Opened 3 months ago

Last modified 3 months ago

#29698 new defect

Edge case that causes improper circuit prioritization for one scheduling run

Reported by: pastly Owned by:
Priority: Medium Milestone: Tor: 0.4.1.x-final
Component: Core Tor/Tor Version: Tor:
Severity: Normal Keywords: tor-sched tor-cmux kist
Cc: robgjansen Actual Points:
Parent ID: Points:
Reviewer: Sponsor:


The Problem, Shortly

A circuit that goes from very busy for a long time, to 100% idle for a long time, and then needs to send traffic again will be incorrectly deprioritized the first time it gets scheduled.

The Problem, Illustrated

Consider a circuit that is very very busy for a significant length of time (minutes). There's constant traffic flowing in one (or both, but let's just say one) direction on this circuit, leading to it earning for itself a high cell_count EWMA value (thus a low priority for scheduling). Assume it is the only circuit on its channel.

Now assume it suddenly stops sending traffic but stays open. It stays this way for significant length of time (many 10s of seconds) such that its cell_count EWMA value should be essentially zero, but it hasn't actually been updated yet since this value isn't updated until a cell has been transmitted (see circuitmux_notify_xmit_cells).
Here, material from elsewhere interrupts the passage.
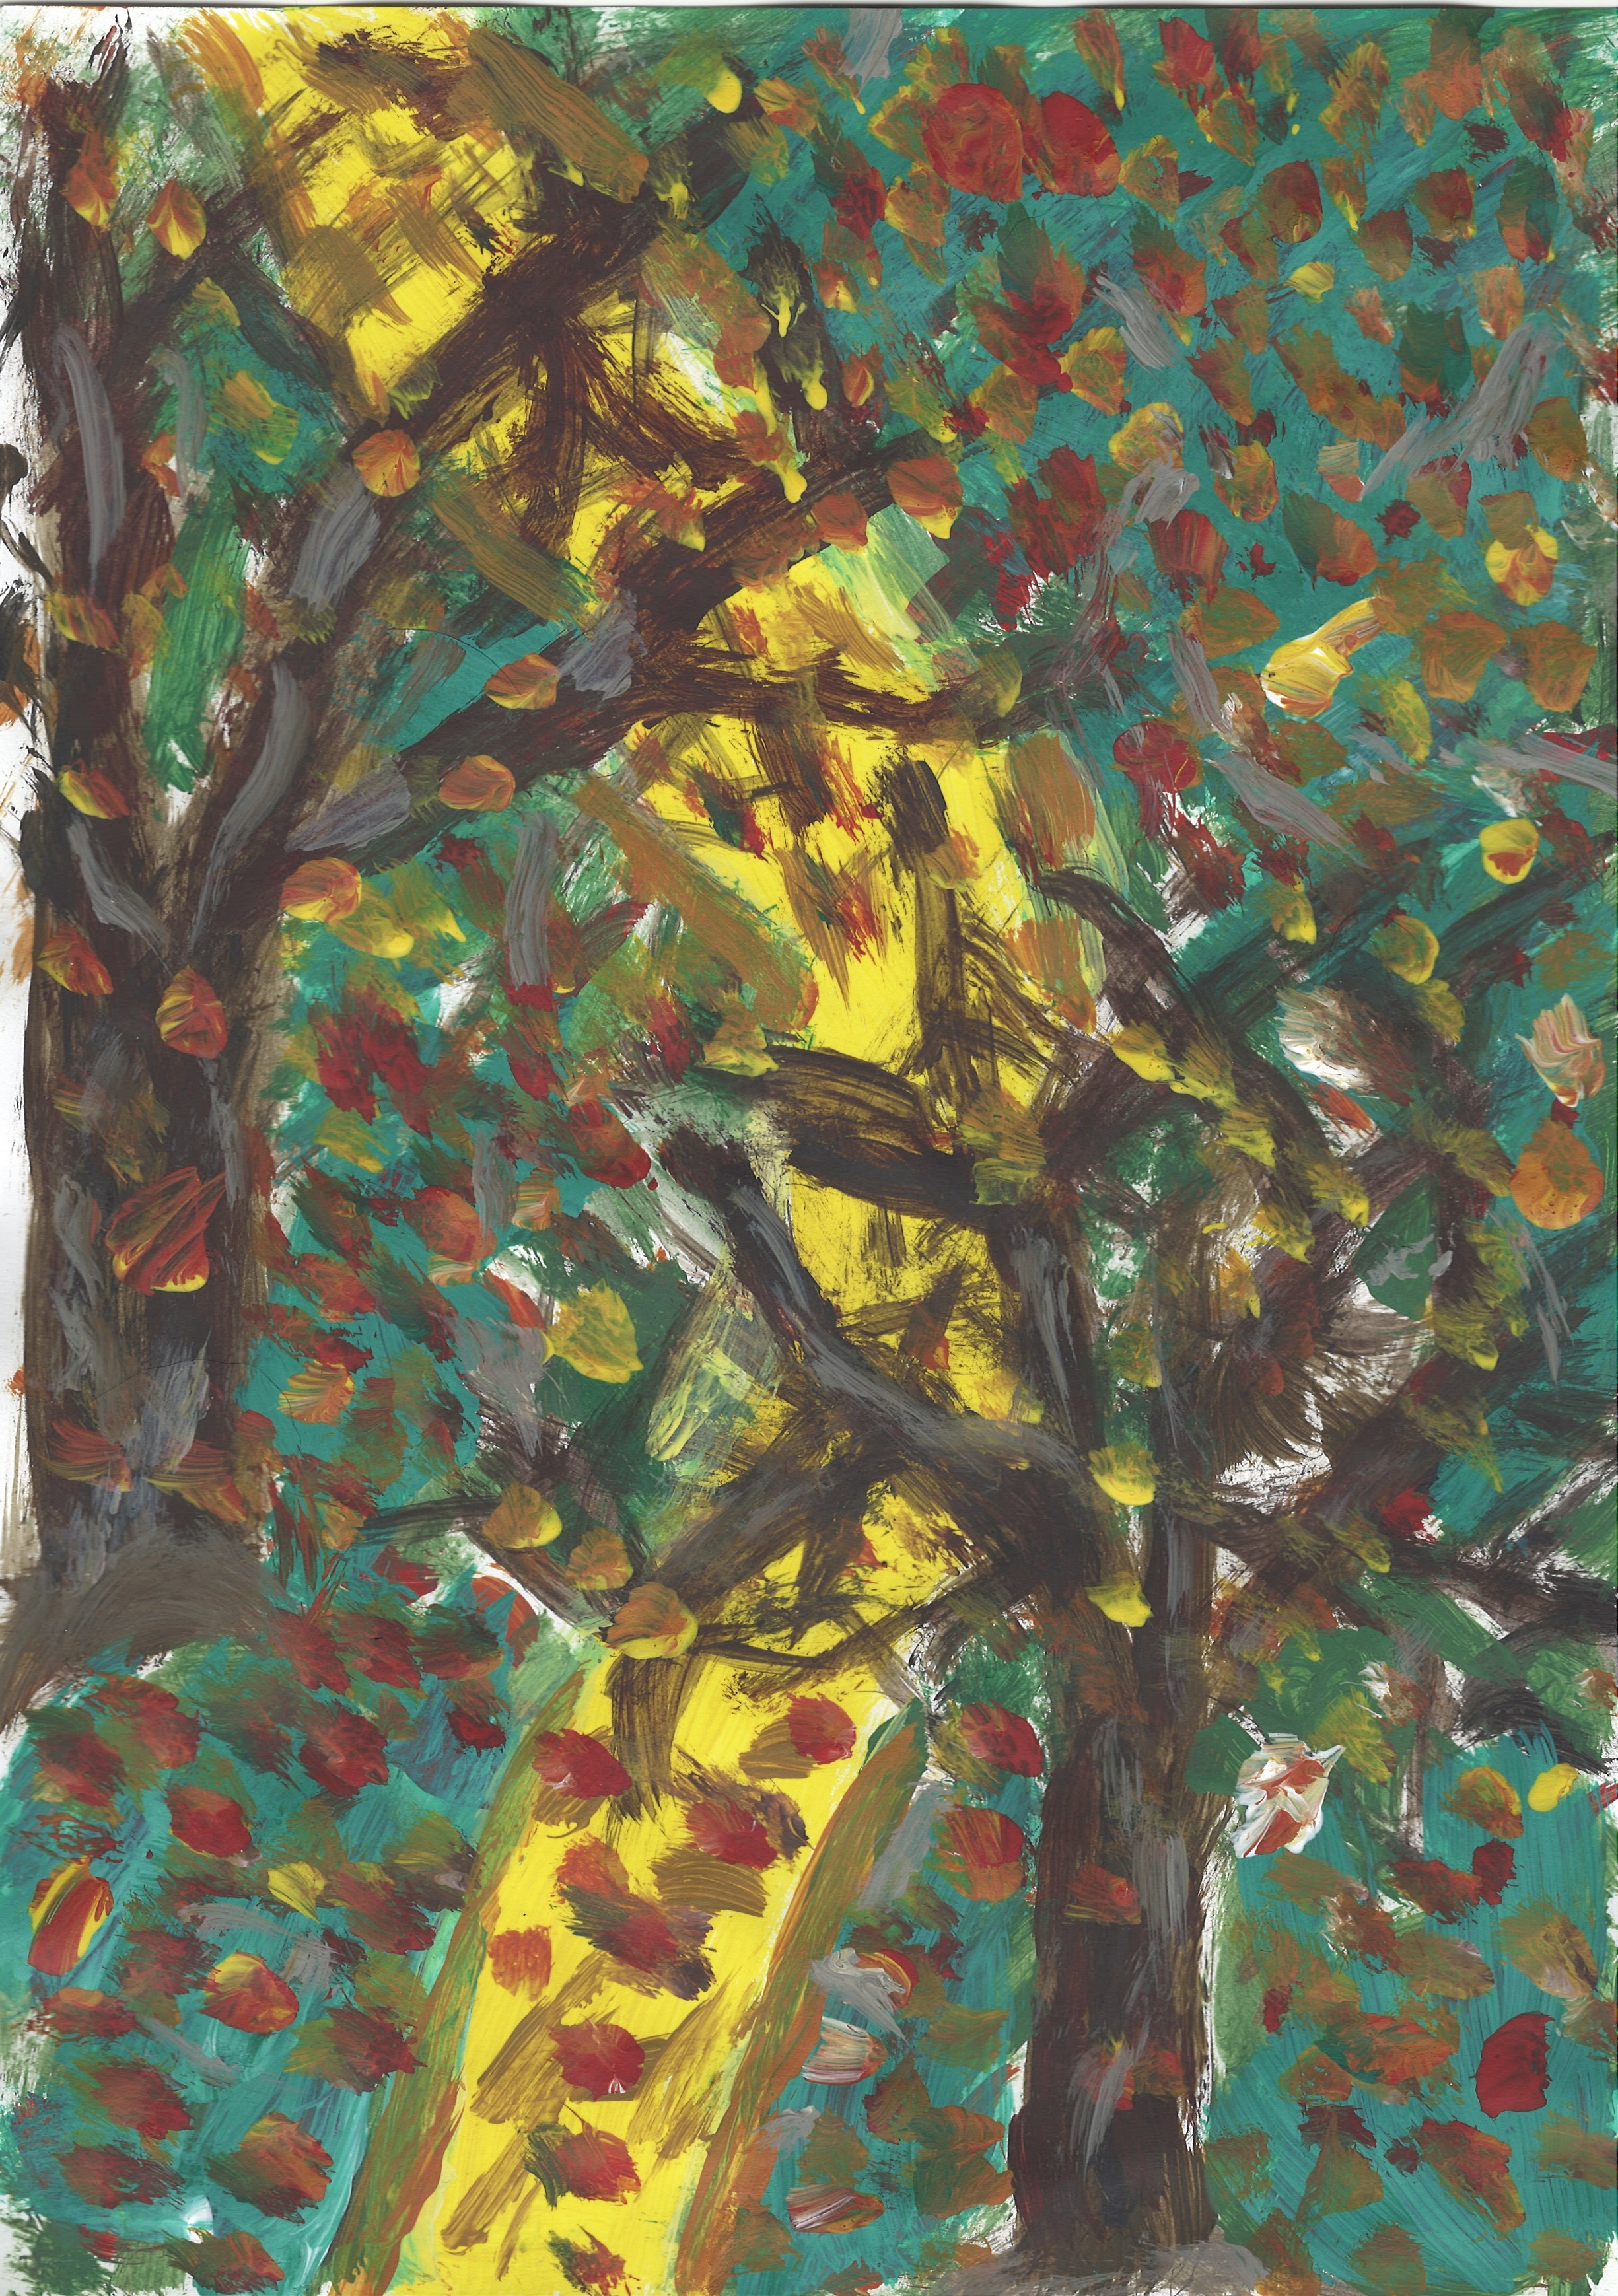 Praca plastyczna wykonana farbami za pomocą barwnych plam przedstawia abstrakcyjne wyobrażenie jesiennych drzew z opadającymi liśćmi.

At this point in time the relay is still servicing some number of low-traffic circuits on other channels. Maybe it has always been handling these circuits. Whatever. It doesn't matter. What matters is at this point in time there's lots of low-traffic circuits needing scheduling. Because they are low-traffic, these circuits have cell_count EWMA values that are relatively low (thus a high priority for scheduling).

Now what happens when that original high-traffic circuit stops being totally idle? What happens when it wants to send another 1000, 100, or even just 1 cell?

It gets put into KIST channels_pending smart list like any other circuit. In fact there are a bunch of low-bandwidth circuits in there with it. Observe what happens when KIST starts scheduling its collection of pending channels:

KIST loops over and over until its list of pending channels is empty. Each time it gets the channel with the current best-priority circuit, schedules one cell, updates the appropriate cell_count, and puts the channel back in the pending list if necessary.

All those low-traffic circuits will be serviced first because they have low cell_count values (high priority) as compared to the outdated cell_count value for the original high-traffic circuit.

When the circuit finally gets to send its first cell after its long period of inactivity, its cell_count EWMA value is corrected to be near zero. That's fine. But it should have been updated before scheduling decisions were made so that it was the first one to be scheduled.

A solution

Add a touch function in the circuitmux channel interface that tells the circuitmux and whatever its policy is to update its circuit priorities if desired.

Before entering the main scheduling loop, call this touch function on all the pending channels. In the case of the EWMA policy, the touch function would ultimately drill down to something like

ewma_touch(circuitmux_policy_data_t *pol_data)
  ewma_policy_data_t *pol = NULL;
  unsigned int tick;
  double fractional_tick;
  pol = TO_EWMA_POL_DATA(pol_data);

  /* Rescale the EWMAs if needed */
  tick = cell_ewma_get_current_tick_and_fraction(&fractional_tick);

  if (tick != pol->active_circuit_pqueue_last_recalibrated) {
    scale_active_circuits(pol, tick);

(Which you might observe is essentially the first part of ewma_notify_xmit_cells(...)).

Child Tickets

Attachments (1)

EWMA vs time with and without touch.png (144.6 KB) - added by pastly 3 months ago.

Download all attachments as: .zip

Change History (3)

comment:1 Changed 3 months ago by pastly

Currently KIST will always handle every pending channel. It will always send at least one cell, thereby updating the EWMA values. Technically a bug, but not super bad IMHO.

But if KIST were to ever stop handling every pending channel -- for example if a global write limit were added on the maximum number of cells it is allowed to send over all channels --, then channels could "get forgotten about."

I'm attaching two graphs in a single image that show a single channel's best EWMA value over time. In both graphs, the middle 120 seconds takes place when a global write limit and extra load are applied to the relay.

The left graph is without the touch function. The channel we are looking at gets "forgotten" during the middle 120 seconds. No cells are sent on it during this time, and its EWMA value never updates. It's stuck. Once the load and write limit are removed, the channel gets to send and its EWMA value is updated correctly.

The right graph adds the touch function. The channel gets its EWMA value updated periodically like all other channels, and it does get its fair chance to send data. The channel is not "forgotten."

Changed 3 months ago by pastly

comment:2 Changed 3 months ago by dgoulet

Keywords: kist added
Milestone: Tor: 0.3.5.x-finalTor: 0.4.1.x-final

Fortunately for us, the fix seems simple enough. Moving it to 041 since we can address this without massive engineering.

Note: See TracTickets for help on using tickets.